The optimization we will conduct here helps us to find the distribution that best fits the data. We will use results from optimization to simulate that data to help us make decisions prospectively.

There are many distributions in R: ?distributions will tell you all about them.

If name is the name of a distribution (e.g., norm for “normal”), then

dname = the probability density (if continuous) or probability mass function of name (pdf or pmf), think “histogram”
pname = the cumulative probability function (CDF), think “s-curve”
qname = the quantile function (inverse to CDF), “think tolerance line”
rname = draw random numbers from name (first argument always the number of draws), think whatever you want…it’s kind of random

And ways to write your own (like the pareto distribution we use in finance)

3.5.1 Try this exercise

Suppose the EIUR price series is the benchmark in several import contracts you write as the procurement officer of your organization. Your concern is with volatility. Thus you think that you need to simulate the size of the price rates, whatever direction they go in. Draw the histogram of the absolute value of price rates.

require(ggplot2)
r.tol <- quantile(xmprice.r.df$Rate, 
    0.95)
r.tol.label <- paste("Tolerable Rate = ", 
    round(r.tol, 2))
ggplot(xmprice.r.df, aes(Rate.abs)) + 
    geom_histogram(fill = "cornsilk", 
        colour = "grey60") + geom_density() + 
    geom_vline(xintercept = r.tol, colour = "red", 
        size = 1.5) + annotate("text", 
    x = 0.055, y = 30, label = r.tol.label, 
    colour = "darkred")

This series is right-skewed and thickly-tailed. We will use this function to pull several of the statistics calculations together.

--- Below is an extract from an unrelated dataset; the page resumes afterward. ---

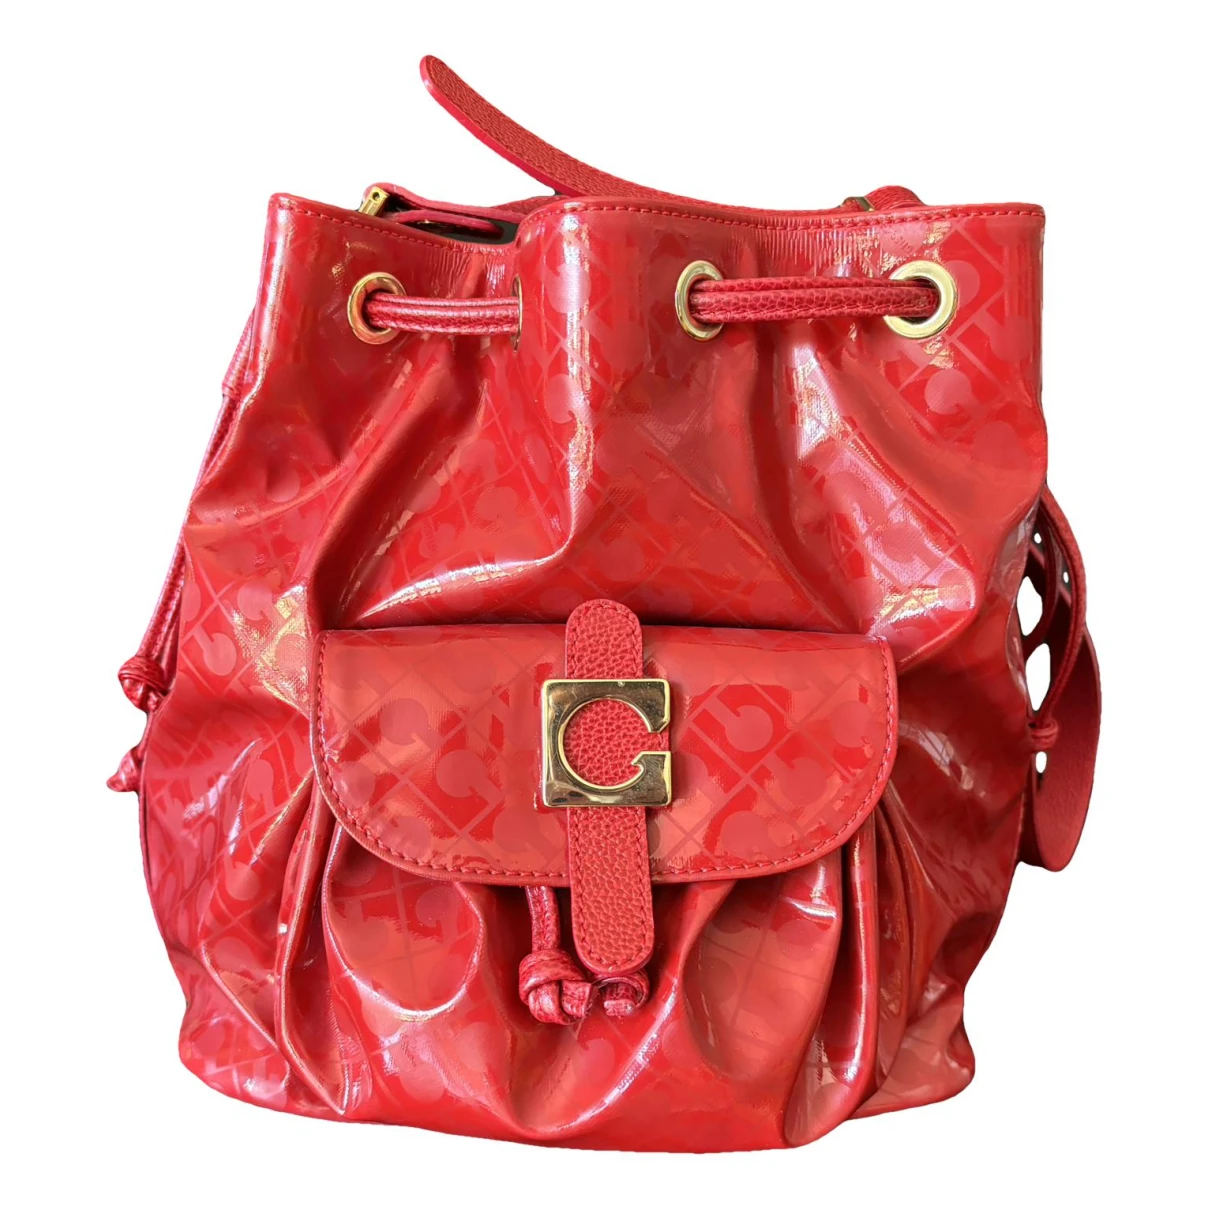 Pre-owned Gherardini Handbag In Red

## r_moments function INPUTS: r vector
## OUTPUTS: list of scalars (mean, sd,
## median, skewness, kurtosis)
data_moments <- function(data) {
    require(moments)
    mean.r <- mean(data)
    sd.r <- sd(data)
    median.r <- median(data)
    skewness.r <- skewness(data)
    kurtosis.r <- kurtosis(data)
    result <- data.frame(mean = mean.r, 
        std_dev = sd.r, median = median.r, 
        skewness = skewness.r, kurtosis = kurtosis.r)
    return(result)
}

We might need to install.packages("moments") to make this function operate. We then run these sentences.

ans <- data_moments(xmprice.r.df$Rate.abs)
ans <- round(ans, 4)
knitr::kable(ans)

mean	std_dev	median	skewness	kurtosis
0.0109	0.0117	0.0074	2.523	12.1545

As we visually surmised, the series is right-skewed and very thickly tailed. This may indicate that the gamma and pareto functions may help us describe these series and prepare us for simulations, estimation, and inference. We will make liberal use of the fitdistr function from MASS and come back to this moments function.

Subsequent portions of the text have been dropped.